Dataset content –
^^^^^^^^^^^^^^^^
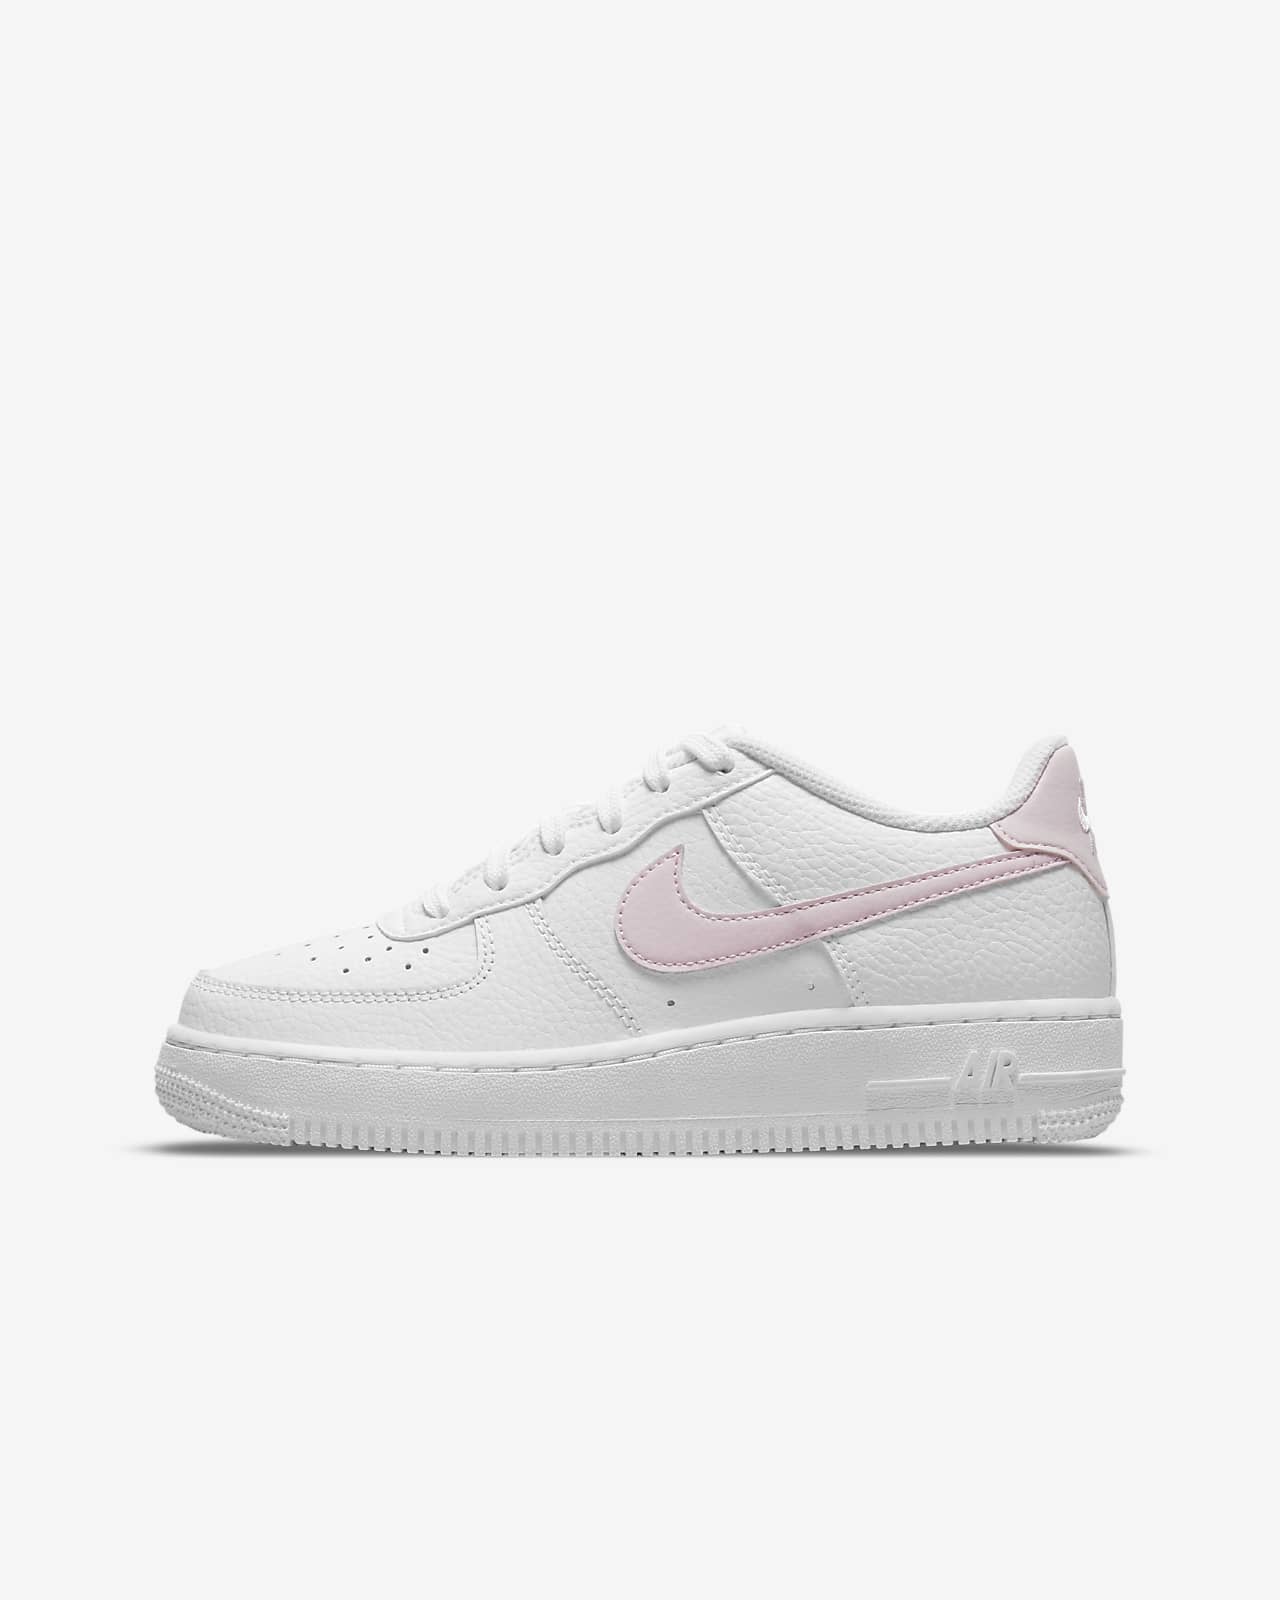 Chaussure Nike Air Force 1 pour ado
^^^^^^^^^^^^^^^^
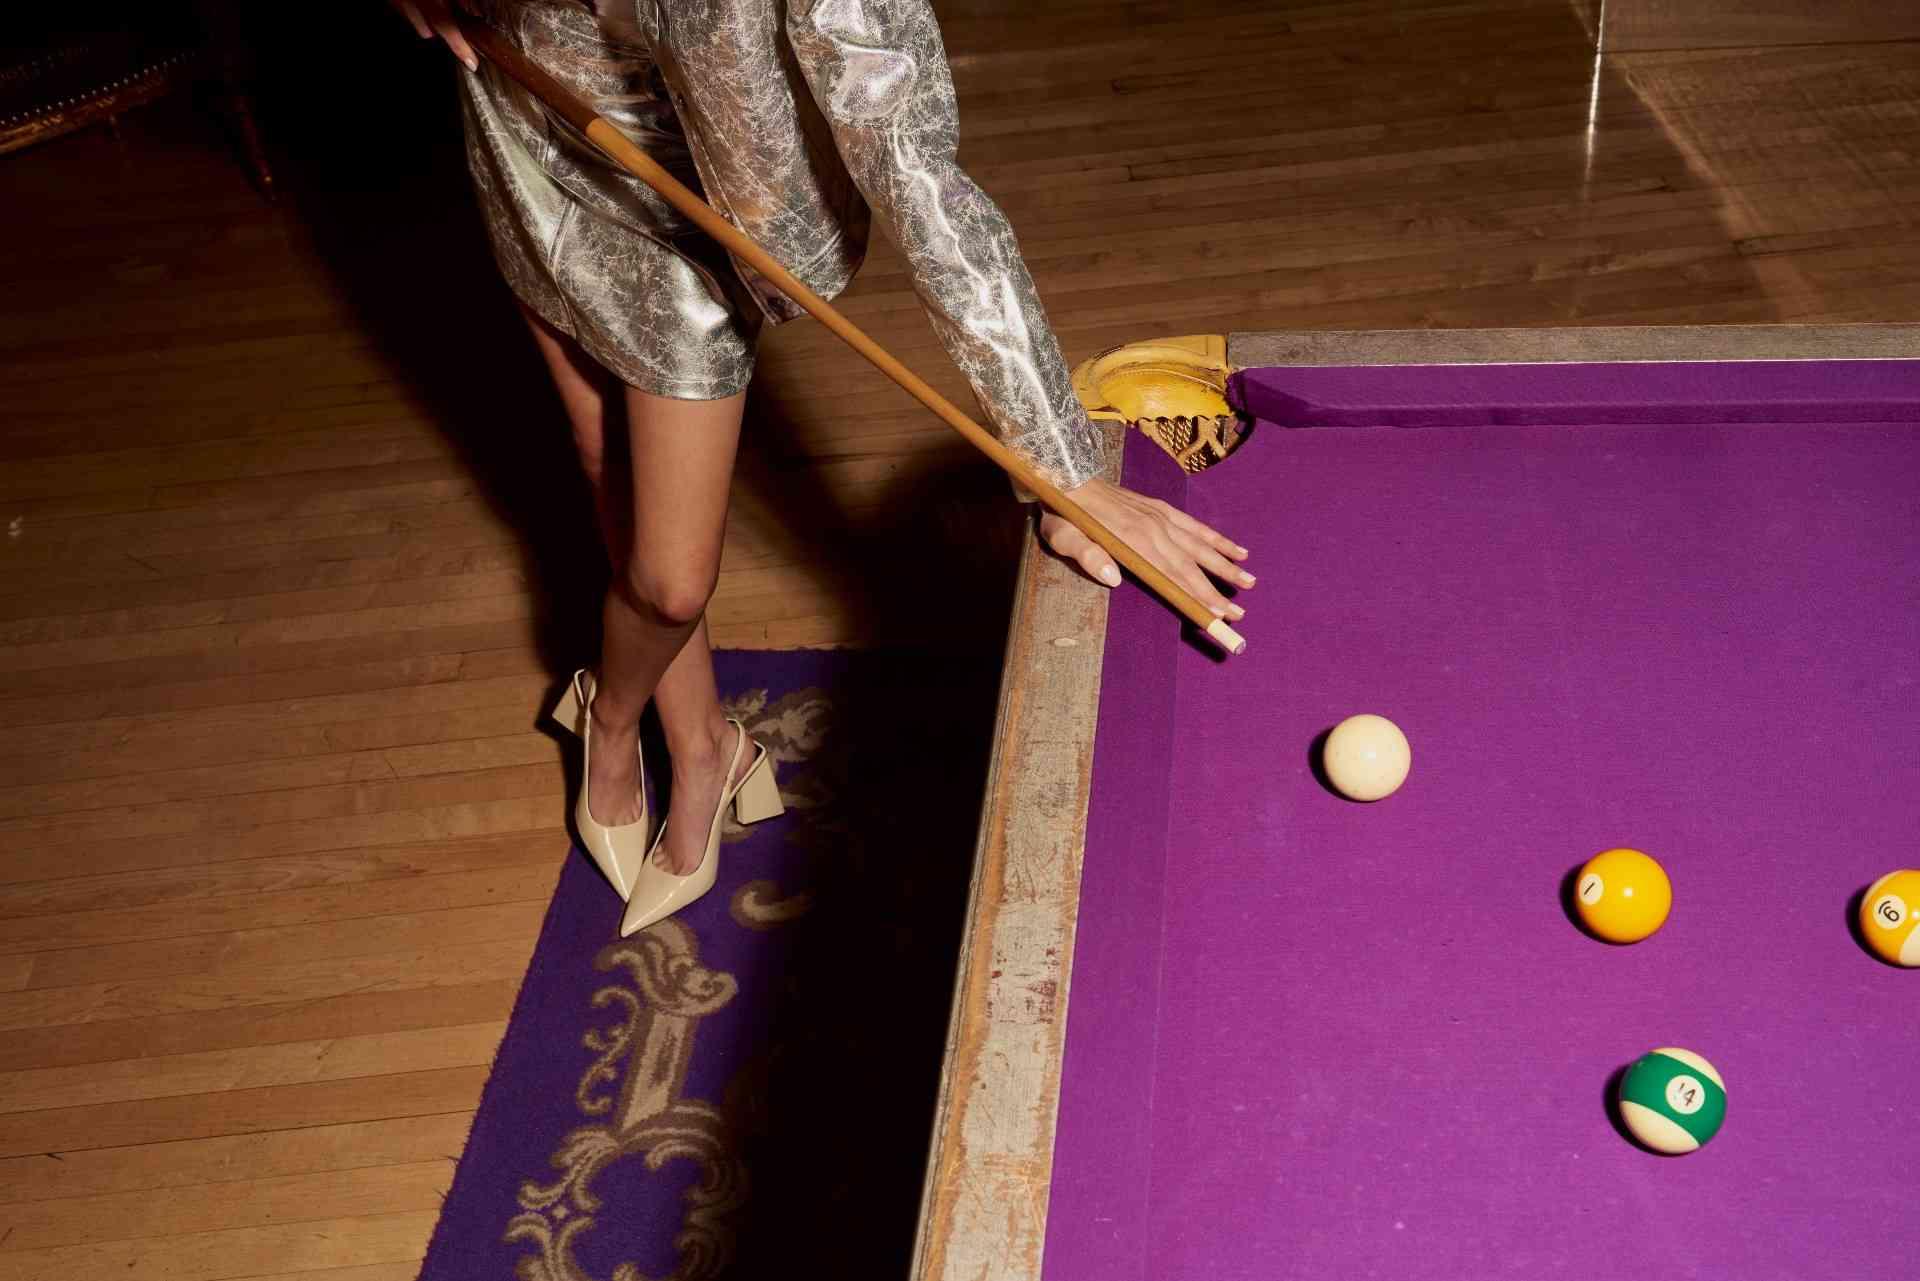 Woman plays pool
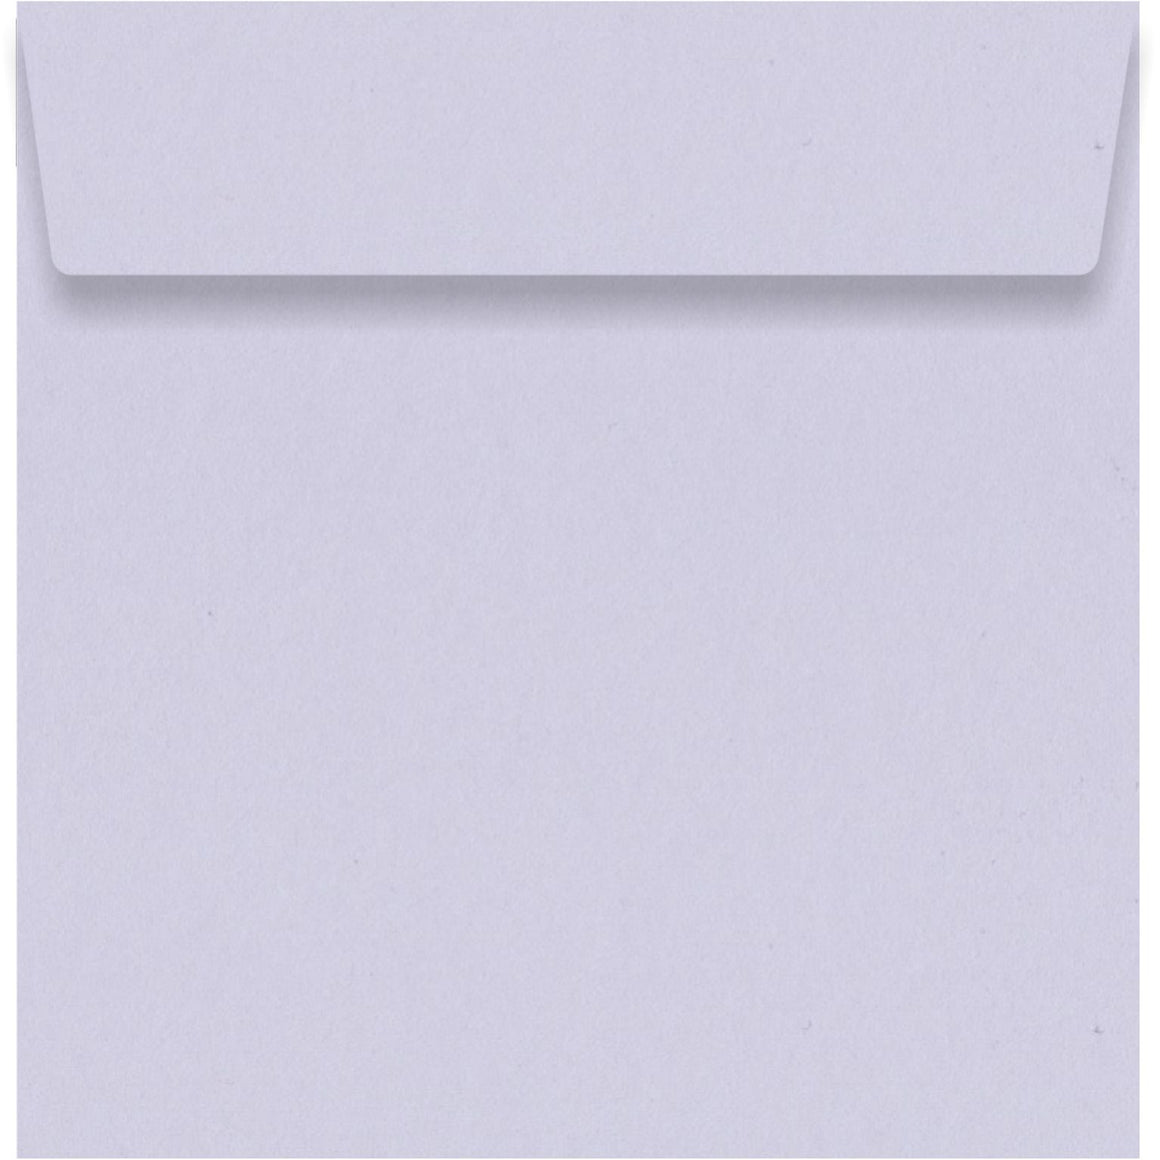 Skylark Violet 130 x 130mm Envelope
^^^^^^^^^^^^^^^^
Brief – Would you copy out, exactly and with no pictures, only the lines above from the one that contains "Woman plays pool" through the one that contains "Skylark Violet 130 x 130mm Envelope"?

Answer to the problem –
 Woman plays pool
 Skylark Violet 130 x 130mm Envelope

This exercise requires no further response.